Friday, June 30, 2006

Cat Problems

After the best part of nine years with us, both of our cats have suddenly stopped using the cat flap to come in the house. Going out is fine, but neither appear to be able (willing?) to use it to come in. If we hold it open, they come in no problem and you can hear the magnetic lock click open.

So is it a phobia? Do they not like the cleaning fluid Alex uses when she cleans the tunnel part? Or are we being taken for fools, particularly by Lil? I ask because this morning she came and sat back on the back door step and miowed at me from the other side of the cat flap. She fixed me with her gimlet stare, then looked up pointedly at the door handle, looked again at me and again at the door handle as if to say "Well, get on with it then!"

So I did.

Mug.

Wednesday, June 28, 2006

Strange Brew

My Dad was diagnosed with prostate cancer last week so today he went for a series of scans to see if it has spread. Of course, being Dad, nothing is ever straight forward, as he couldn't have an MRI due to his pace maker (Do you know, I'm almost convinced he enjoys being an awkward so and so :-) )

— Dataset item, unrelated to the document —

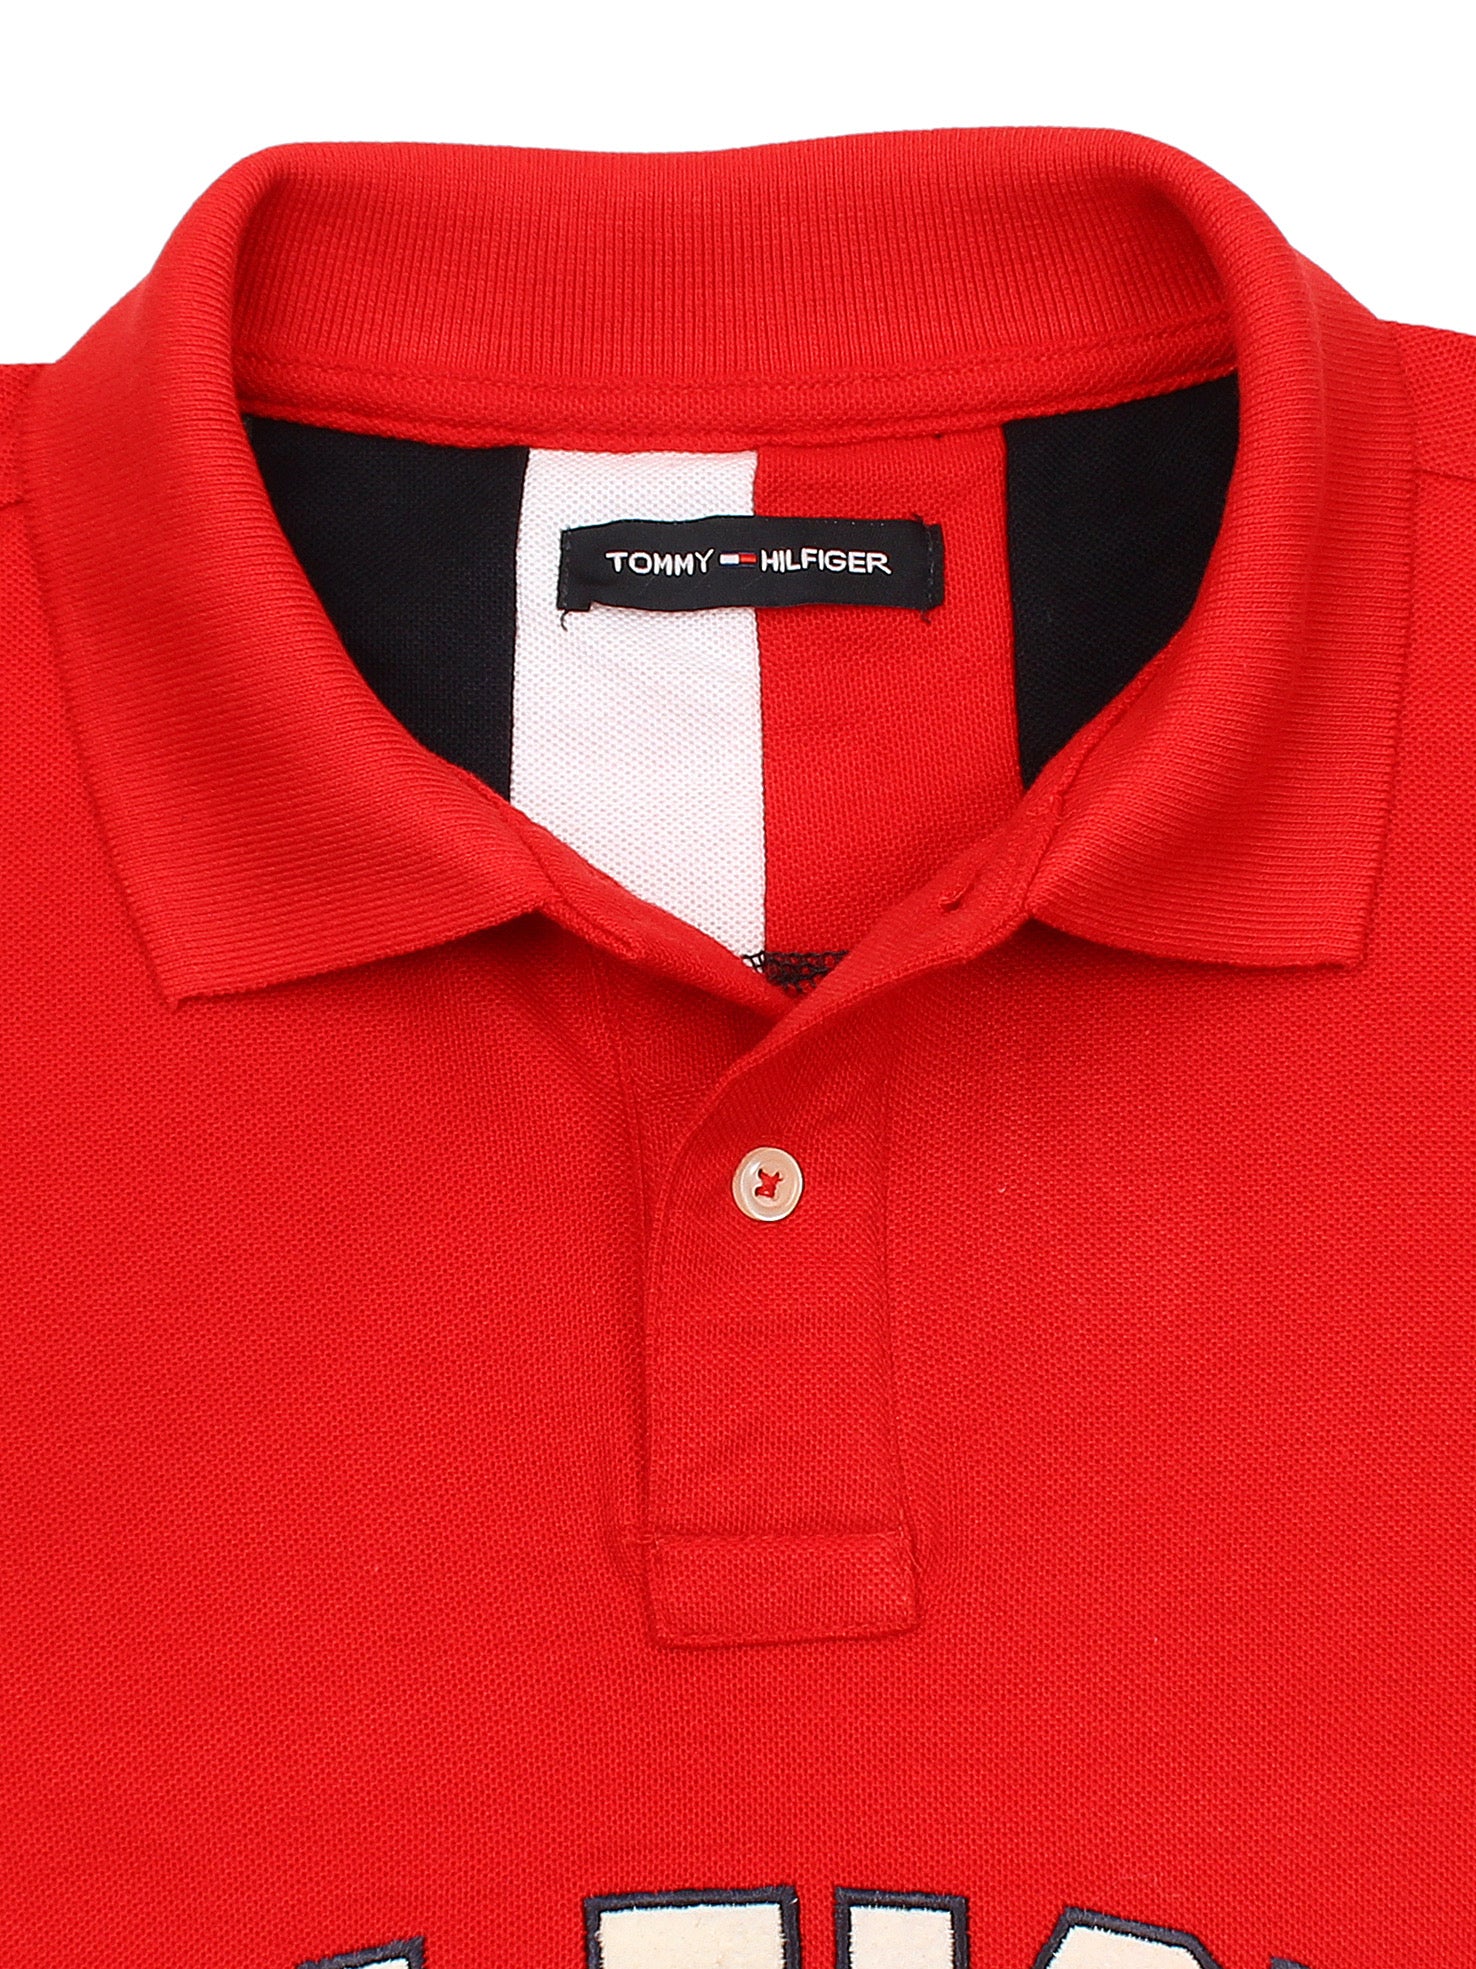 HLFGR soft cotton red polo shirt(00335)

His first scan was at 8am this morning, but his second wasn't until 2.15. This one required him to be injected three hours before, so his bones would show up nicely.

"So what did you do then, hang around the coffee bar?" I asked.

"Yes," he replied. "They said I could go into Oxford to stroll around if I wanted, but I had to stay away from pregnant women and children, so I thought it was easier to stay there."

Pregnant women and children? Turns out it wasn't a dye he was being injected with (silly me), and he had to stay way from vulnerable groups as he would be fairly radioactive for some hours before and after the scan...

Nice.

Apparently, he also had to keep his fluids up during the wait to ensure the marker had circulated sufficiently into his marrow, so this makes the patients pee quite a bit. Everynight, the nurses have to sweep through the patient toilets with a Geiger counter to sure it's safe enough for the cleaners to enter them. Sometimes it's not. Perhaps that's the explosive result of having a vindaloo the night before one of these scans ... radioactive poo!

It reminded me of something that happened to me about 12 years ago, when I was still working at Sellafield (before I had my Damascene conversion to teaching). I was on a placement to the R&D labs and whilst there, I cut my finger on a cable tie inside a glovebox when I was taking samples for analysis. The lab did handle plutonium (although the glovebox I was working in at the time wasn't a plute glovebox) so I needed to report this cut and get monitored. This took the form of a full body sweep by Health Physics and then urine analysis over a period of time.

I assumed this would be once a shift for a period of time, e.g. 2 weeks, to ensure no plute had entered my system (damn near impossible, but neverthless...) I cursed the awkwardness of having to drop a sample bottle off every day.

Oh silly me.

I was presented with large plastic bottle like the ones we diluted batch samples in in the lab (now can't remember if it was 1 or 2 litres, but it was huge!). The protocol was to put my labelled bottle on the shelf in the sample toilets in the change room, and every shift, pee into it whenever I needed to go. It wasn't to go back to Health Physics for analysis until it was full...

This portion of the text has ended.